Satisfiability Modulo Counting (SMC) is a recently proposed general language to reason about problems integrating statistical and symbolic Artificial Intelligence. An SMC problem is an extended SAT problem in which the truth values of a few Boolean variables are determined by probabilistic inference. Approximate solvers may return solutions that violate constraints. Directly integrating available SAT solvers and probabilistic inference solvers gives exact solutions but results in slow performance because of many back-and-forth invocations of both solvers. We propose KOCO-SMC, an integrated exact SMC solver that efficiently tracks lower and upper bounds in the probabilistic inference process. It enhances computational efficiency by enabling early estimation of probabilistic inference using only partial variable assignments, whereas existing methods require full variable assignments. In the experiment, we compare KOCO-SMC with currently available approximate and exact SMC solvers on large-scale datasets and real-world applications. The proposed KOCO-SMC finds exact solutions with much less time.

Many important AI tasks today involve both logic (like solving a puzzle) and probability (like making guesses). But solving problems that combine both is extremely challenging.

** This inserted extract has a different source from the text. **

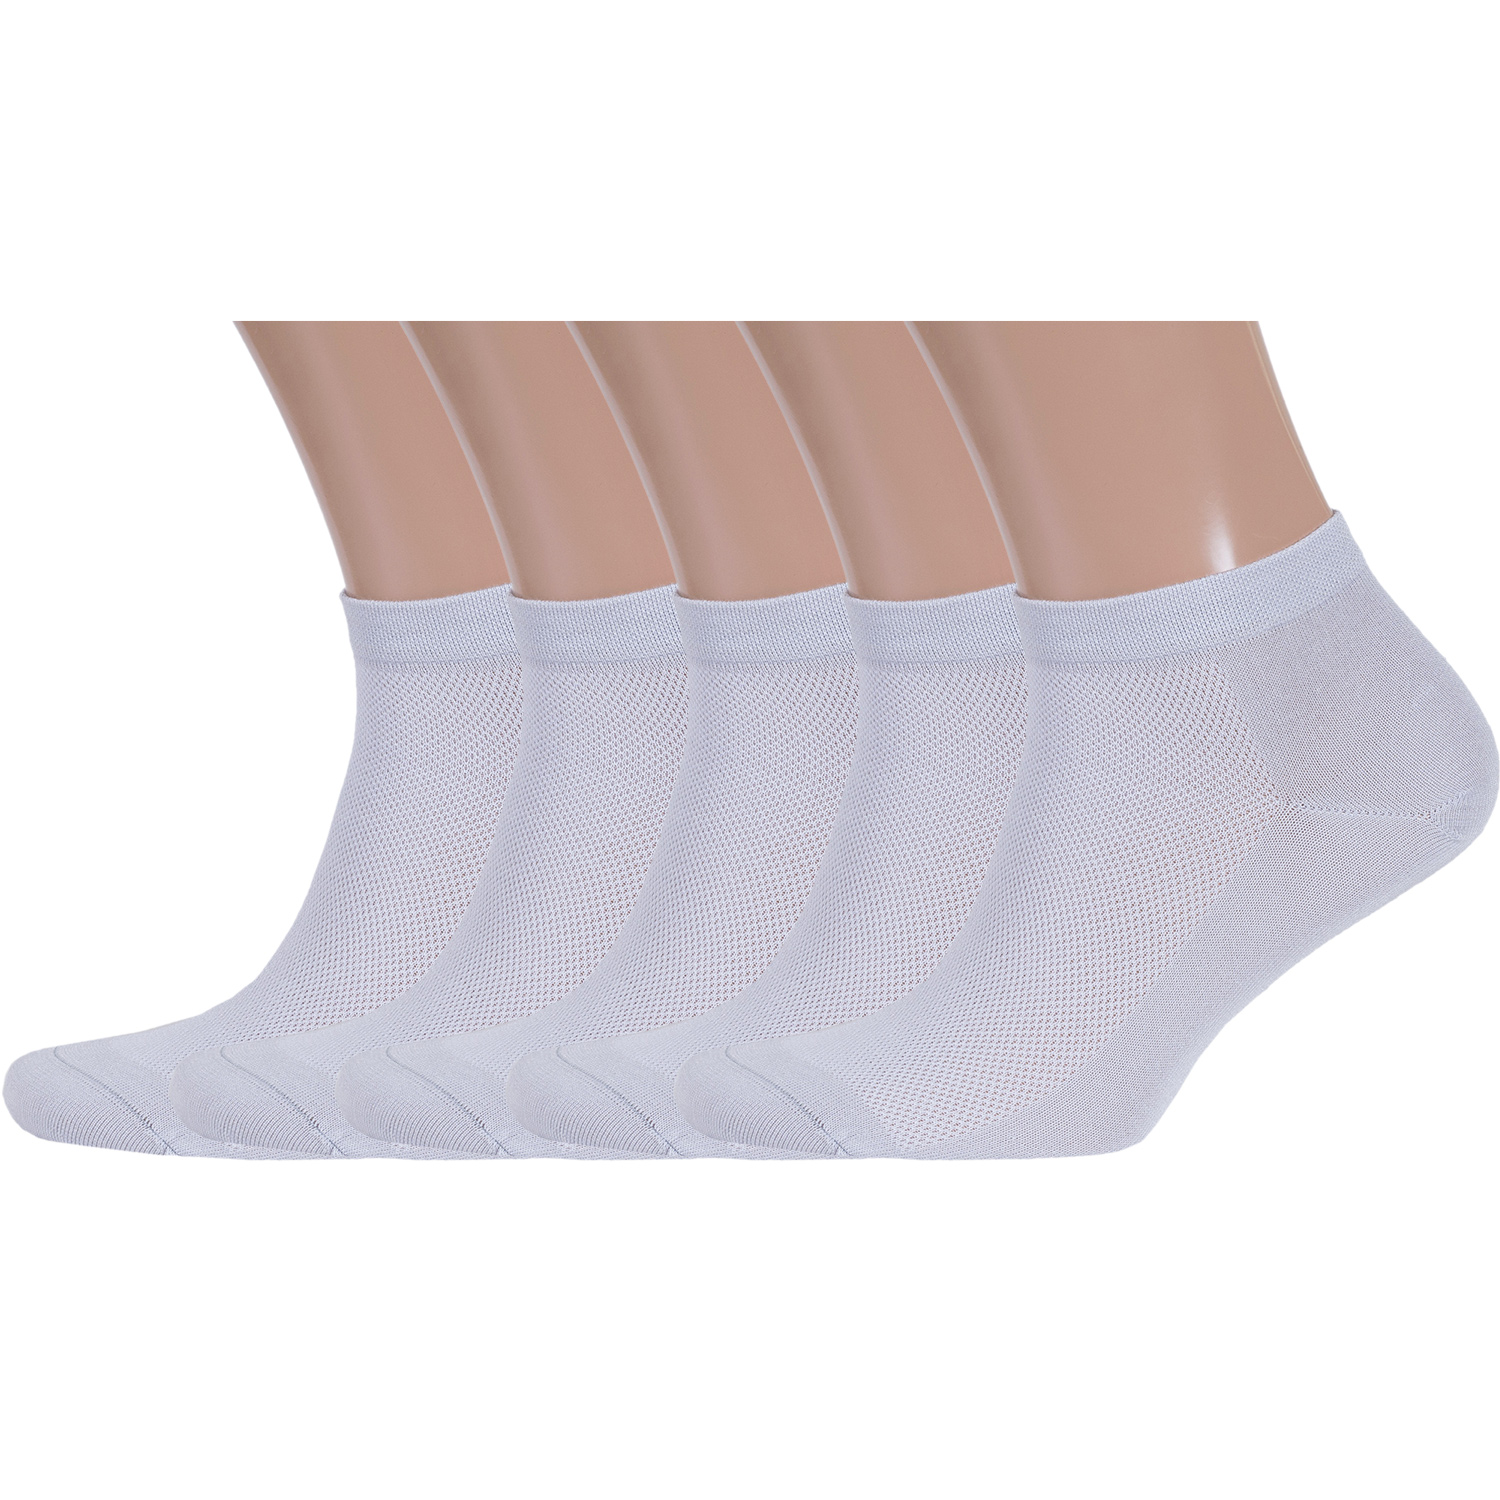 Комплект носков мужских Rusocks серых

A recently proposed framework for describing such problems, called Satisfiability Modulo Counting (SMC), helps bridge these two areas, but solving SMC problems exactly can be very slow.Current approaches to solving SMC problems exactly rely on gluing together two separate tools: one that handles logic and another that handles probability. These tools must repeatedly interact, which consumes significant time and computing power.In our work, we introduce KOCO-SMC, a new algorithm that unifies logic and probability solving into a single tool. KOCO-SMC can make in-time decisions about whether to skip unpromising attempts early, using only partial information.We tested KOCO-SMC on large-scale synthetic datasets and real-world problems, and found that it solves them both exactly and much faster than existing methods. This demonstrates that it’s possible to achieve both accuracy and efficiency when tackling some of the most complex AI challenges.